SLiM records additional information in the metadata columns of Individual, Node, and Mutation tables,
in a binary format using the python ``struct`` module.
See {ref}`tskit's metadata documentation <tskit:sec_metadata>`
for details on how this works.
Nothing besides this binary information can be stored in the metadata of these tables if the tree sequence is to be used by SLiM,
and so when ``pyslim`` annotates an existing tree sequence, anything in those columns is overwritten.

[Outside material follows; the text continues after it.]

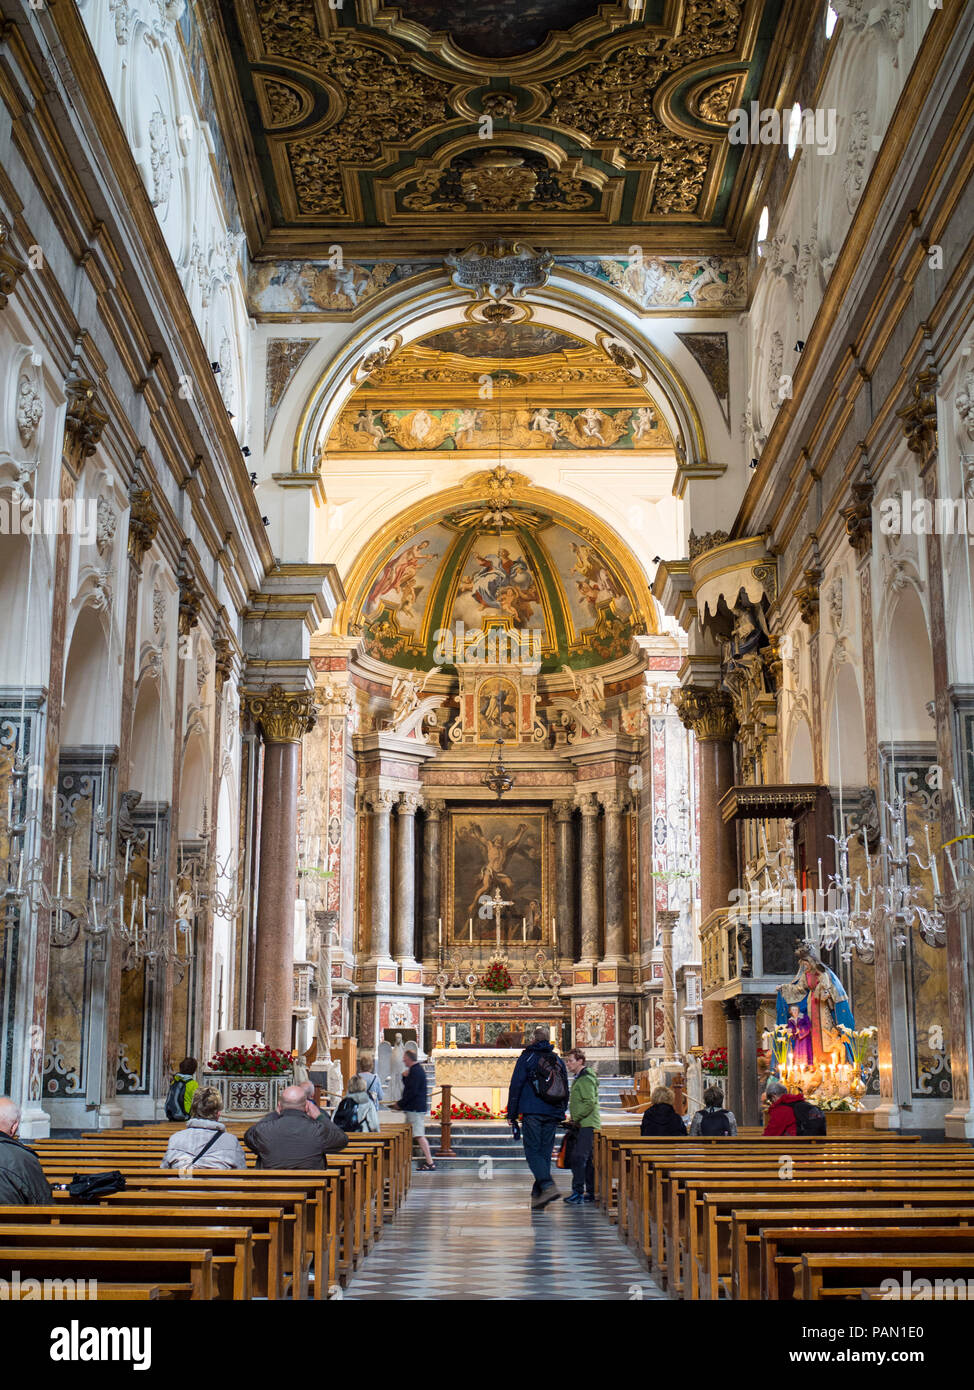 Inside the Amalfi Cathedral, a 9th-century Roman Catholic cathedral in the Piazza del Duomo, Amalfi, Italy. Stock Photo
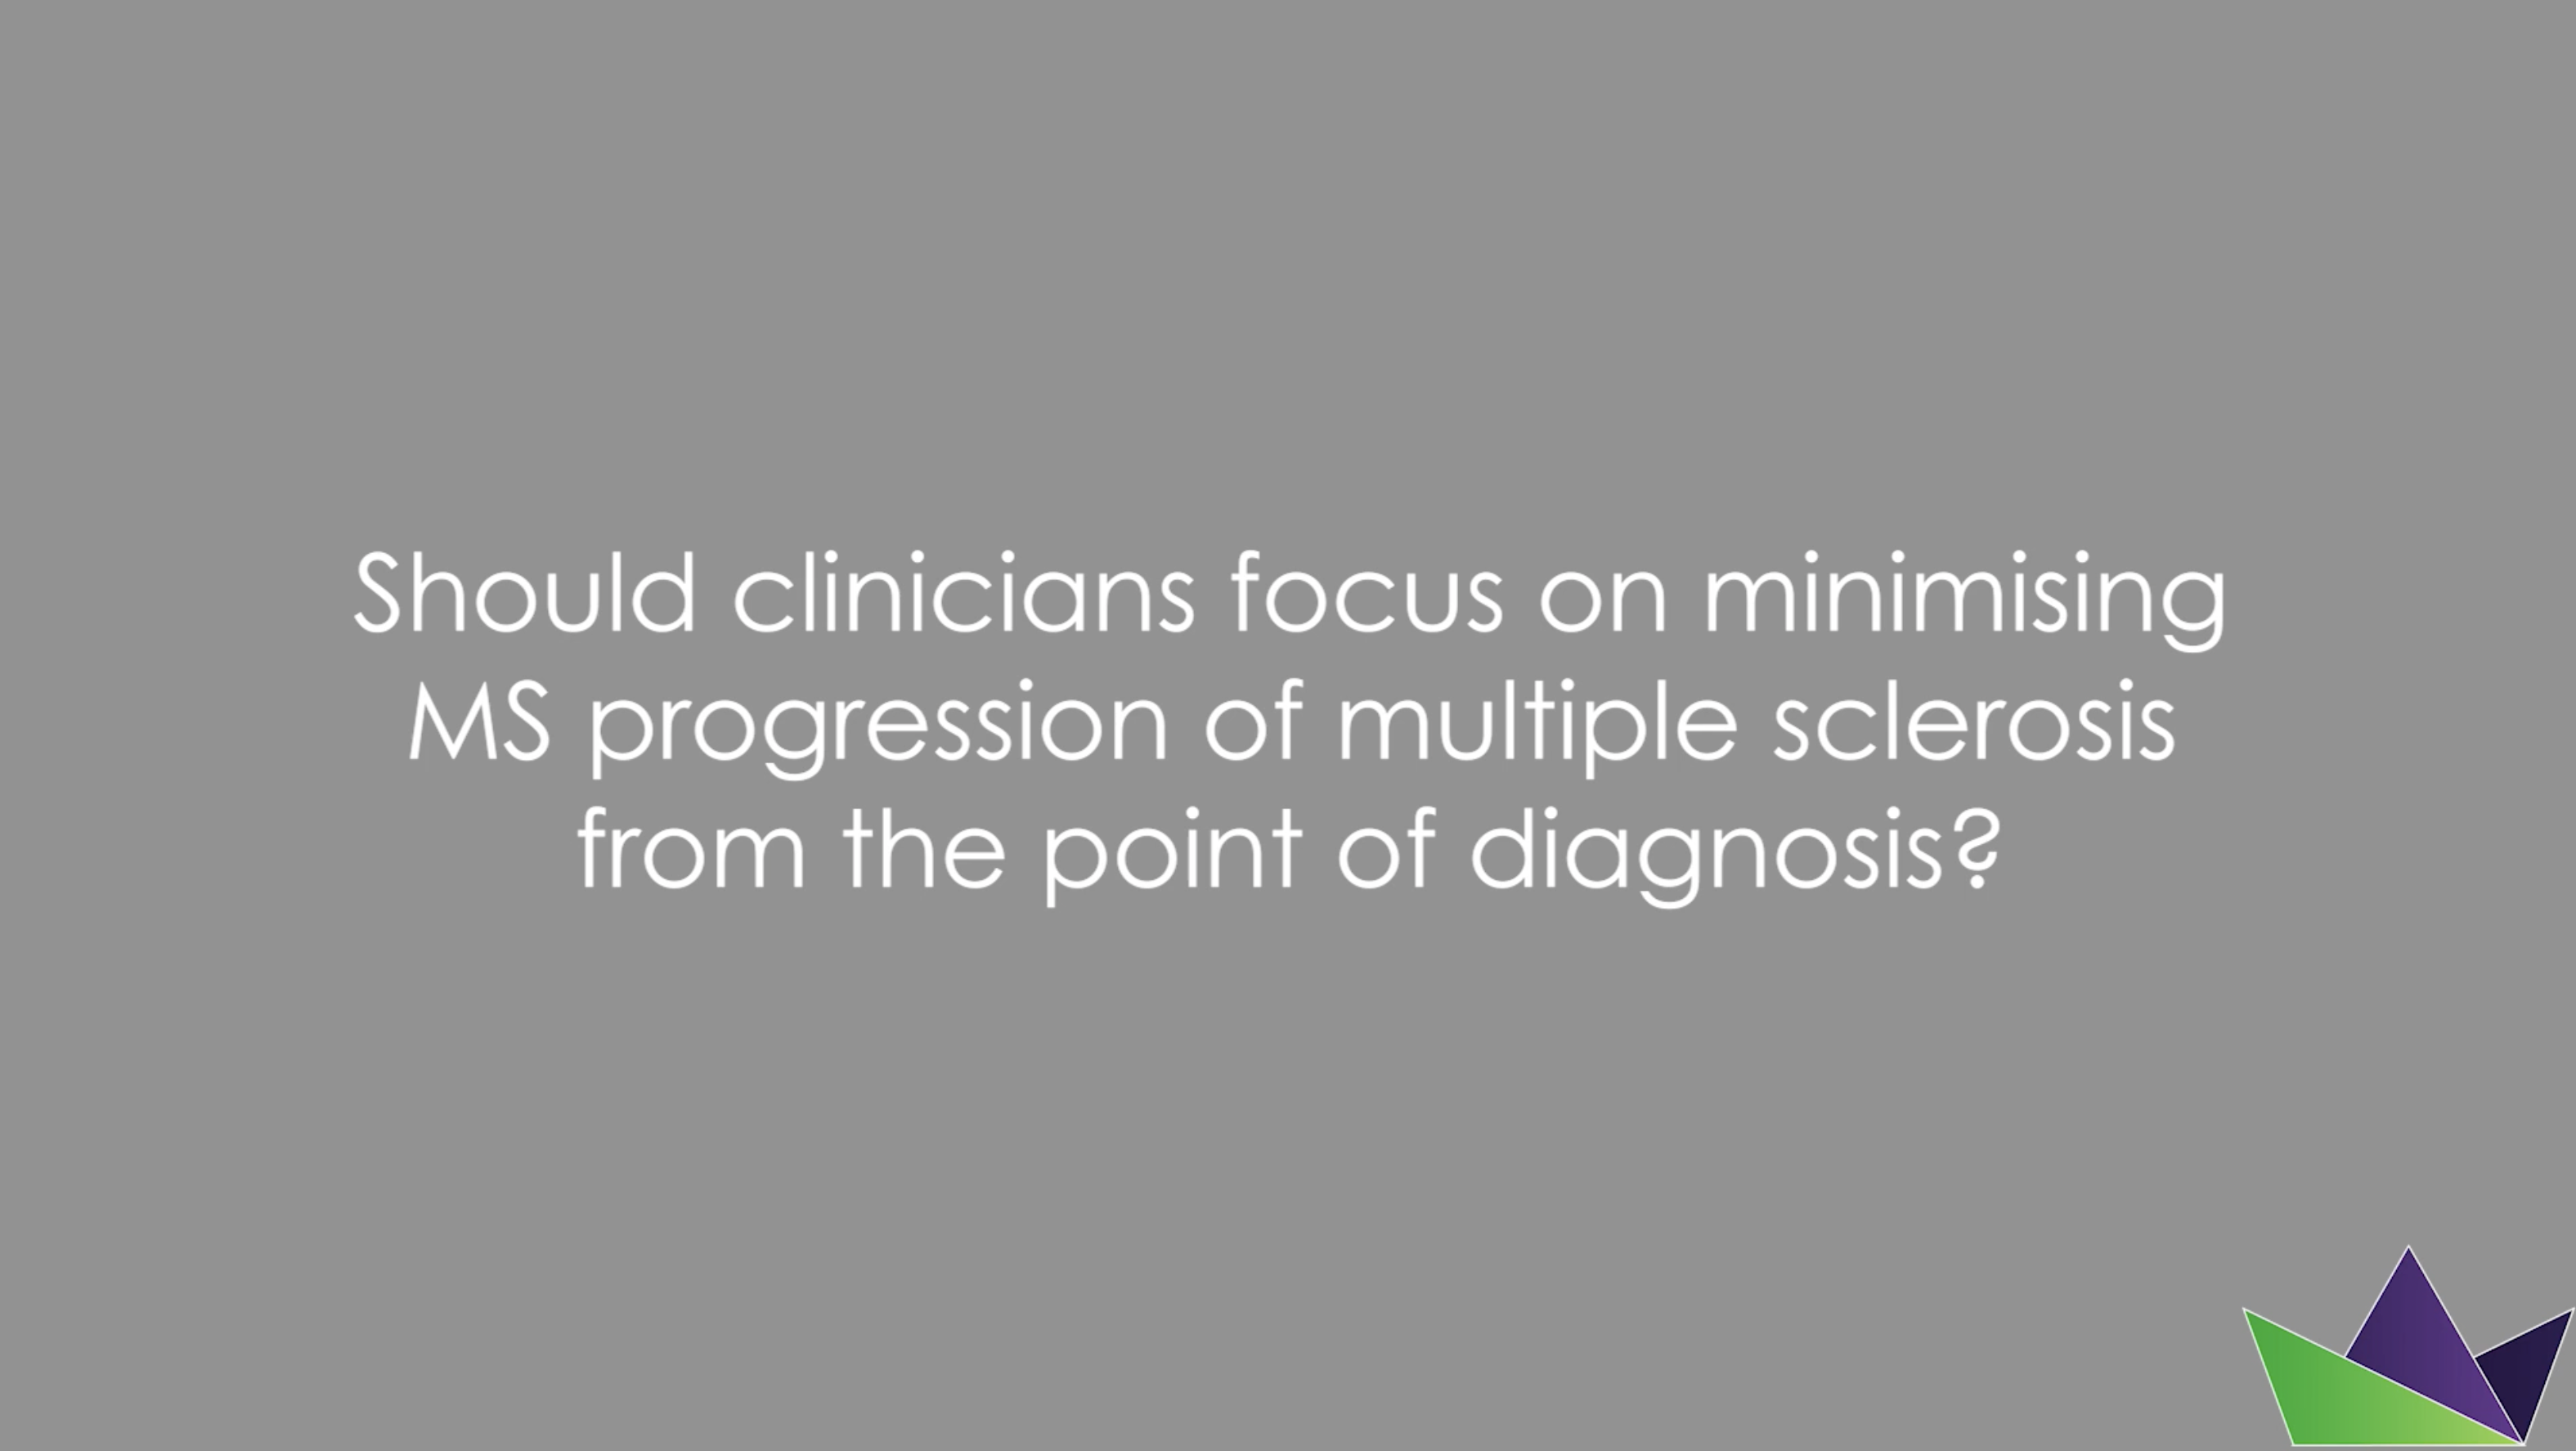 Should clinicians focus on minimising disease progression from the point of diagnosis

Population metadata is stored as JSON, however, which is more flexible.
For more detailed documentation on the contents and format of the metadata, see the SLiM manual.

Of particular note is that *nodes* and *populations* may have empty metadata.
SLiM will not use the metadata of nodes that are not associated with alive individuals,
so this can safely be omitted (and makes recapitation easier).
And, populations not used by SLiM will have empty metadata.
All remaining metadata are required (besides edges and sites, whose metadata is not used at all).